Встретили их местные воры, как положено: на столе картошка, селёдка, аккуратно нарезанные ломтики сала. Напротив уважаемого гостя, Лукья-на, – высокий, скрюченный собственной нескладной долговязостью Ми-хась. Кличку получил, видимо, от фамилии. Фамилия у него Михайлов, только её мало кто знал в лагпункте. Михась тоже вор, и тоже имеющий весомый авторитет. Блатные сидели, прогоняя по кругу кружку с чифирем*, слушали внимательно неторопливый рассказ Лукьяна.
– Бамовские колонии прошерстят наглухо. Оставят одних политических да ссученных*. Нормальных людей вывезут. И сроку, как мне нашептал один баклан* из вертухаев* в крытке*, не позднее следующего года, всё чтоб чин чинарём было.
– Да эту парашу уже сколько раз нам совали, – нетерпеливо высказался вор по кличке Жмых. Воротник выцветшей серой рубашки распахнут, левая часть шеи забрызгана бесформенным тёмно-бордовым родимым пятном, несколько капель плавились на щеке, ничуть не делая лицо сидельца обезображенным или устрашающим. Скорее наоборот: тёмно-серые глаза подкупали выразительной уютной теплотой, располагали собеседника к благодушию и спокойствию. Мало кто знал, что за видимым благодушием таится коварная натура вора-убийцы.
Лукьян остался невозмутим и продолжил:
– Вдобавок, по слухам, с весны на наши лагеря начнут привозить ссученных. Целые бригады. Откуда-то с Приморья. Там, говорят, целый зверинец отошедших от понятий уркаганов развёлся.

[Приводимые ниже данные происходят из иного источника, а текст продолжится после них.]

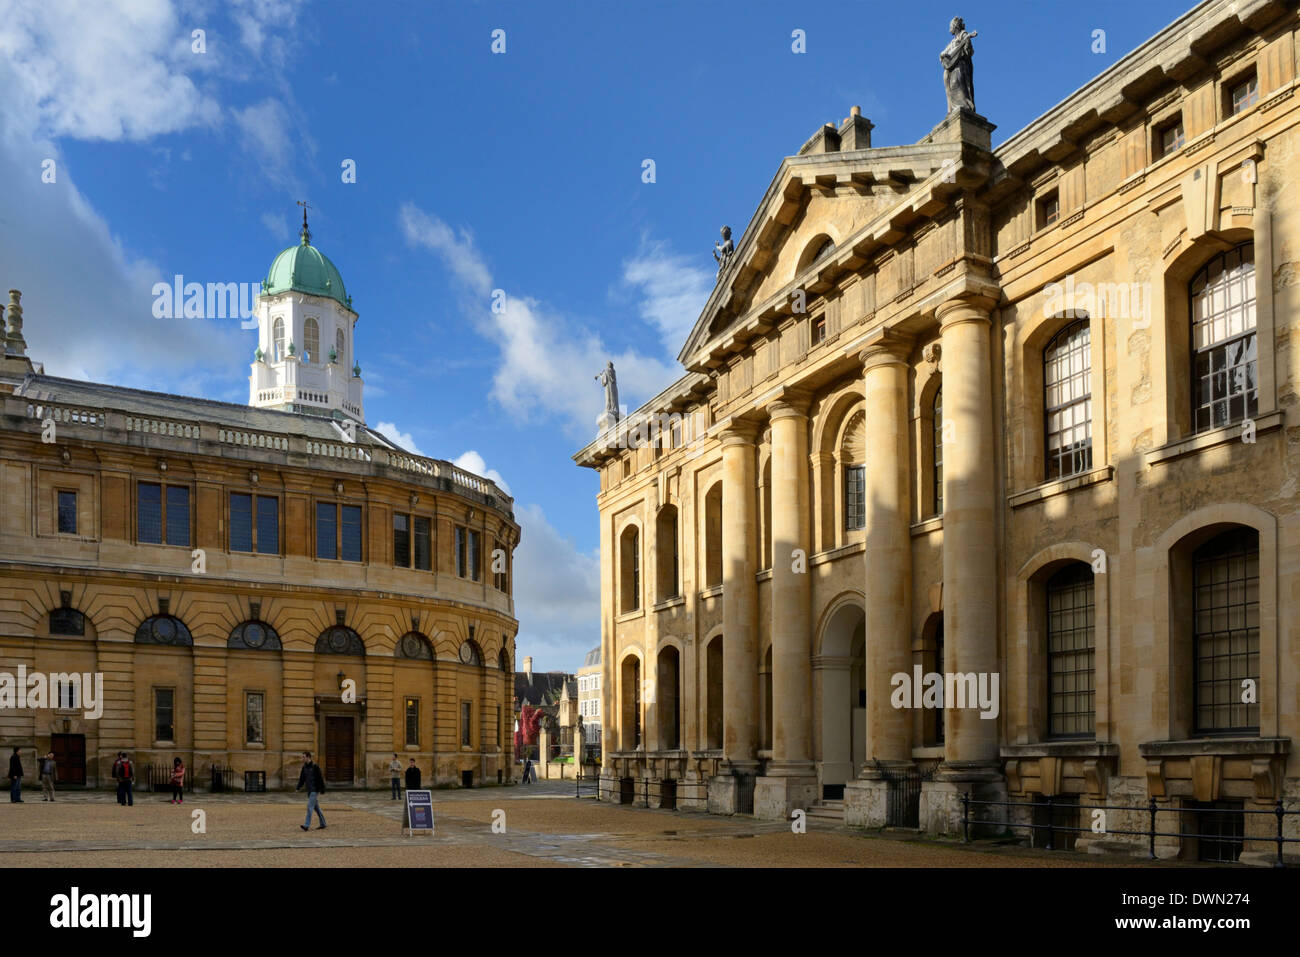 Le Clarendon Building et Sheldonian Theatre, Oxford, Oxfordshire, Angleterre, Royaume-Uni, Europe Banque D'Images

– А с воровскими что? – спросил рядом сидящий Хмара – молодой вор из евреев. У Хмары субтильное тело; углистые глаза, ровный прямой нос с немного расширенными вздёрнутыми ноздрями, мягко сложенный подбородок. На такого взглянешь, верно, студент престижного заведения. Портфеля в руках не хватает. Однако, несмотря на двадцатидевятилетний возраст, Хмара уже был хорошо известен в воровских кругах. Во время войны его банда прославилась громкими грабежами в Подмосковье. Банда Хмары имела разветвлённую сеть наводчиков. Поговаривали, что всё было организовано через синагогу. Впрочем, поговаривали, что за те дела, что плелись вслед за бандой, синагога его же и сдала: сдала, повесив клеймо богоотступника и убийцы на него и всех его подельников. Сейчас он сидел тихий, елейный, с ученической скромностью потроша взглядом почти в упор Лукьяна.
«Сучья война» к тому году уже набрала обороты. Слухи, как и рассказы, были противоречивы, многое оставалось непонятным.
– Если после правилки вор не отказывается от своей масти, причём прилюдно, с покаяниями, его просто режут. Режут, как барана, – без иронии говорил Лукьян.
– Мне бакланили на другой командировке, что у ссученных даже ритуал есть на этот случай – нужно целовать нож и вслух произносить, дескать, не вор я больше, – неуверенно заметил Жмых.
– Да, братья, есть такая хиза*, – подтвердил Лукьян.
– А что, мы за себя что ли не постоим?! -ловя одобрительные взгляды солагерников, весомо заявил Михась.
– Я сюда отправлен с последней сходки из двадцать первого лагпункта, чтоб рассказать, как мастырят* ссученные дела свои тёмные. А мастырят дела свои с помощью хозяев да кумовьёв. Да ещё вертухаи на тюрьмах способствуют бесправию. В самом Тайшете на пересылках житья уже нет правильным ворам от ссученных. Вся власть, почитай, у них.
С полчаса Лукьян рассказывал подробности последних событий, творящихся по здешним лагерям. Все удручённо молчали.
– В общем-то расклад для гуталина верный. Сами друг друга режем. Им по любому хижняк* выходит. Запомните!! В открытую суки не идут на резню. Администрация с ними заодно. Подсабляют им справно. Идут только кодлой. Когда их в разы больше. Да спины прикрыты краснопо-гонниками, – закончил длинное повествование Лукьян, отхлёбывая чифирь.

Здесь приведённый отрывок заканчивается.